O assentador de pedras


         O esplendor da paisagem impede que o caminhante que percorre em parte ou toda a extensão da calçada da praia de Copacabana dirija sua mirada para aquele homem magro de pele queimada que trabalha agachado a olhar para o chão: o assentador de pedras portuguesas. Funcionário público, a Prefeitura lhe paga o salário e ele honra o dinheiro que recebe: despercebido, trabalha de-sol-a-sol-mesmo-em-dia-de-chuva, começa pela Pedra do Leme, termina no Forte de Copacabana, termina não, pois lá chegando toma em seguida o sentido contrário, em direção ao Leme, na mesma calçada, agachado, olhando sempre para o chão, assentando aquelas pedras que já se deslocaram pelo uso.
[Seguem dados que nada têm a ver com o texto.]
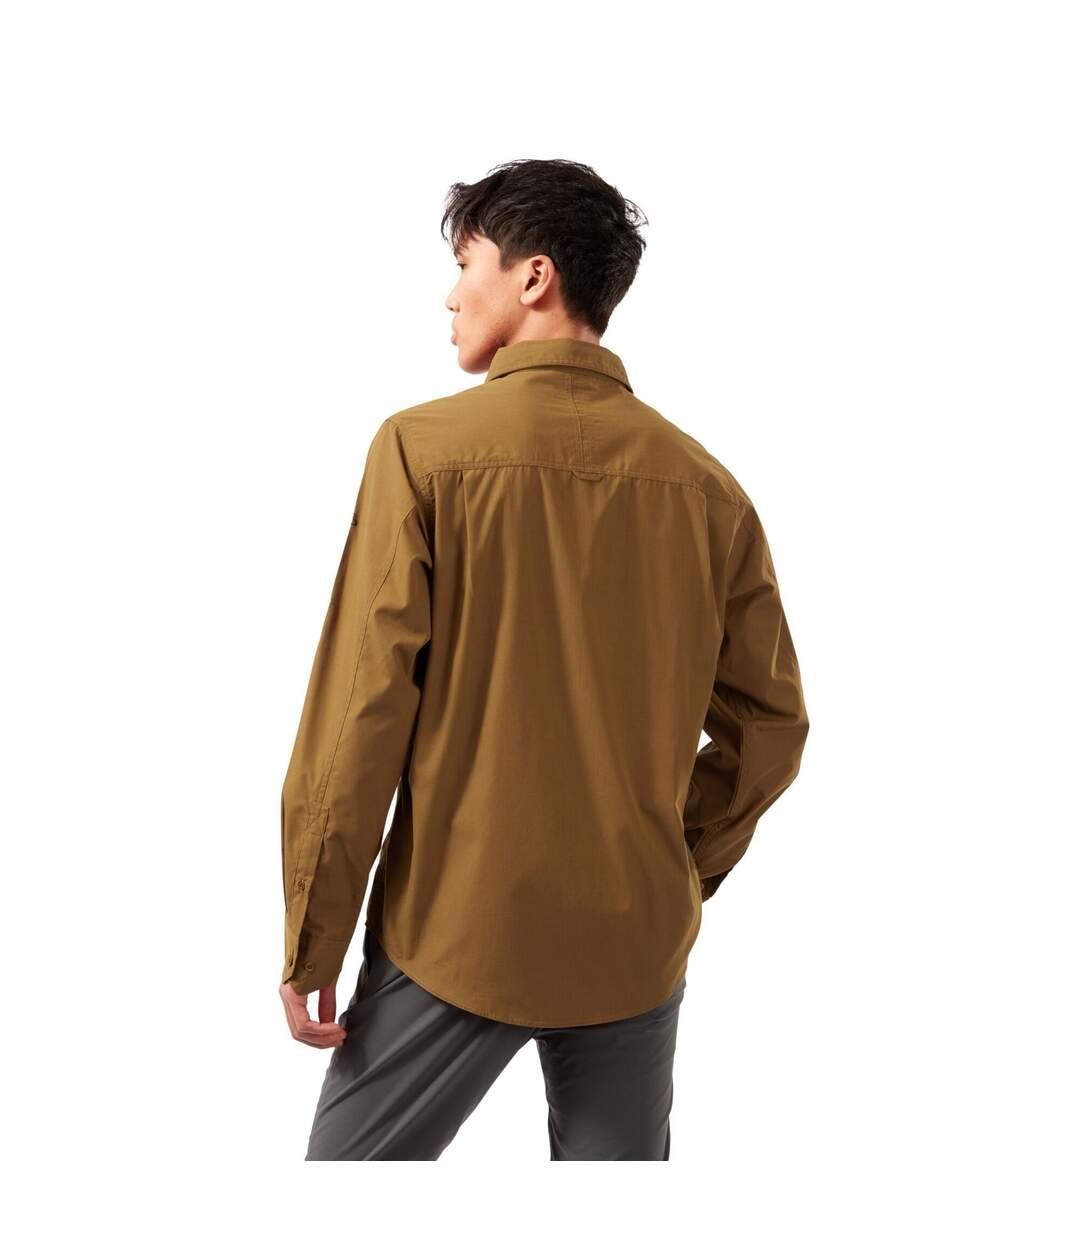 Craghoppers Mens Kiwi Long-Sleeved Shirt (Rubber Brown) - UTCG1500

         O movimento nessa calçada é pesado e ininterrupto. De dia ou de noite caminham nativos, turistas, gringos, punguistas, namorados, crianças e suas babás, jovens e velhos que apenas passeiam ou correm para manter a forma, a maioria em trajes de banho calçando tênis ou havaianas, mas em certas ocasiões pode-se ver também algum executivo de paletó e gravata, um médico, um advogado, sem contar as carrocinhas de pipoca, milho cozido, sorvete, empada, sucos, cerveja, refrigerantes, água mineral, água de coco, sanduíches, roupas novas e usadas, biquínis, saídas de praia, bonés e chapéus, toalhas exibindo paisagens cariocas, redes, tapetes, brincos, colares e pulseiras confeccionados com os mais diversos materiais, enfim, toda a sorte de badulaques e quinquilharias a serem vendidos na praia pelos ambulantes, de modo que, com o contínuo pisar as pequenas pedras se deslocam e se soltam, e basta que uma delas se mova para que se quebre o compacto preenchimento do piso e em seguida várias delas perdem seu lugar no pavimento, formando rapidamente uma grosseira falha que se expande assustadoramente qual urticária monstruosa, a exigir pronta reparação por parte do diligente assentador de pedras.
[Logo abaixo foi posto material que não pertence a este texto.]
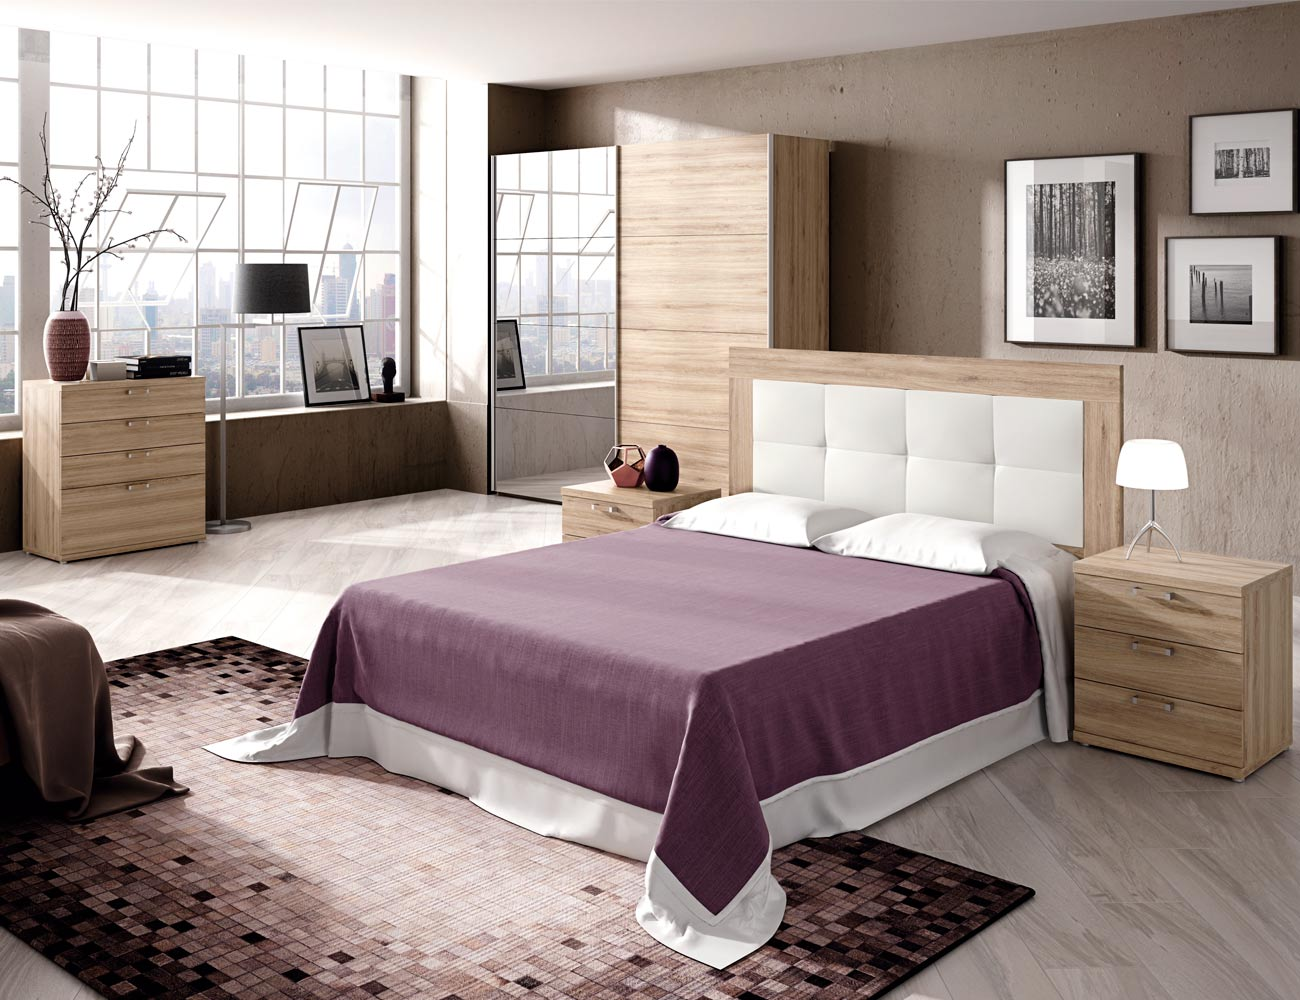 467 dormitorio matrimonio cabecero tapizado comoda armario roble1

         O homem não vê aqueles que por ele passam. Ele pode sentir o movimento intenso das gentes, pode ouvir o burburinho das vozes, até algum fragmento de conversa mais indiscreta ele pode registrar, sente o cheiro de suor dos transeuntes pois quase sempre faz calor, verão o ano todo, mas ele não desvia o olhar do chão, que o assentamento das pedras requer toda sua atenção e cuidado. São de duas cores as pedras portuguesas, brancas e pretas, e compõem na calçada da praia de Copacabana as famosas ondas, pretas e brancas, a sugerir o movimento das águas do mar. Se uma delas, por distração, é colocada em posição incorreta, quebra-se a harmonia das ondas, e isso o assentador não pode permitir. Em seu vai-e-vem cotidiano, num sentido ou noutro, encurvado de tanto olhar para o chão, às vezes ele se depara com uma peça assentada de maneira incorreta, pedra preta no branco ou pedra branca no preto, e justifica o fato para si próprio como sendo efeito do sol inclemente do meio-dia, a turvar-lhe as vistas, ofuscar as cores, embaralhar as pedras, ferver os miolos, induzir o erro. Agacha-se então, remove a pedra intrusiva, repara seu engano colocando no local aquela da cor adequada, e segue em busca das pedras soltas.
         Aos domingos, o assentador de pedras leva a família para passear na calçada de Copacabana e, orgulhoso, mostra aos filhos sua arte. Mas não deixa de registrar na memória os trechos em que já há pedras soltas, a exigir no dia seguinte o seu despercebido incansável trabalho.

Conveniência


Com o limoeiro carregado, não lhe restou outro remédio senão aumentar o estoque de cachaça.